PMC · DOI: 10.1186/s12014-026-09589-1 · Clinical Proteomics · 2026-02-15

## TL;DR

This paper introduces a cost-effective and scalable method for preparing plasma and cerebrospinal fluid samples to improve the detection of low-abundance proteins for biomarker discovery in neurodegenerative diseases.

## Contribution

A new sample preparation workflow that combines high-abundance protein depletion and optimized digestion for improved proteome coverage in plasma and CSF.

## Key findings

- Depletion of high-abundance proteins increased identified proteins by ~65% in CSF and ~80% in plasma.
- A two-step digestion protocol using Lys-C/trypsin followed by trypsin improved reproducibility and detectability in plasma.
- The workflow showed high reproducibility in a 528-sample ALS cohort with intra-sample CVs lower than inter-individual variation.

## Abstract

Plasma and cerebrospinal fluid are complementary sources of biomarkers for neurodegenerative diseases. The wide dynamic range of protein abundances, particularly in plasma, hampers detection of low-abundance proteins. Depletion of high-abundance proteins and efficient enzymatic digestion can improve proteome coverage but must be carefully optimized for reproducibility, throughput, and cost-efficiency for use in large-scale clinical proteomic studies.

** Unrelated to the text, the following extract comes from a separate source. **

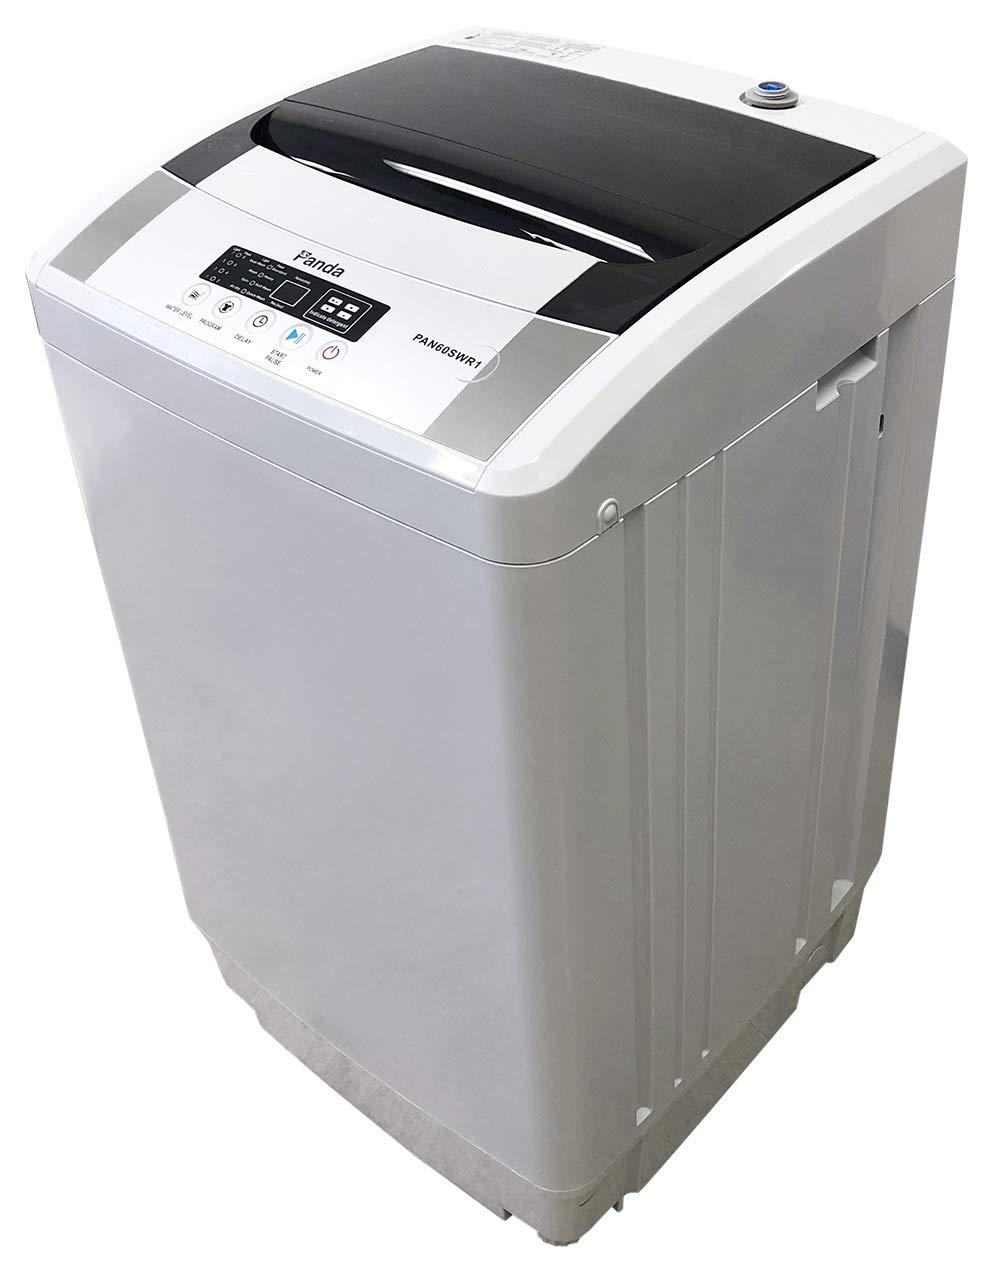 Panda PAN60SWR1 13LB Compact Portable Washing Machine

We developed a scalable sample preparation workflow for plasma and cerebrospinal fluid (CSF) that integrates depletion of high-abundance proteins, optimized digestion using Lys-C and trypsin, and compatibility with both label-free and tandem mass tag (TMTpro)-based quantification. Depletion was performed using a multi-affinity resin with immobilized antibodies targeting 14 high-abundance plasma proteins, which collectively constitute ≈ 95% of total plasma protein content. We systematically evaluated protein depletion and enzyme digestion conditions, and the effect of deoxycholate on digestion, monitoring the number of detectable proteins and the quantitation precision.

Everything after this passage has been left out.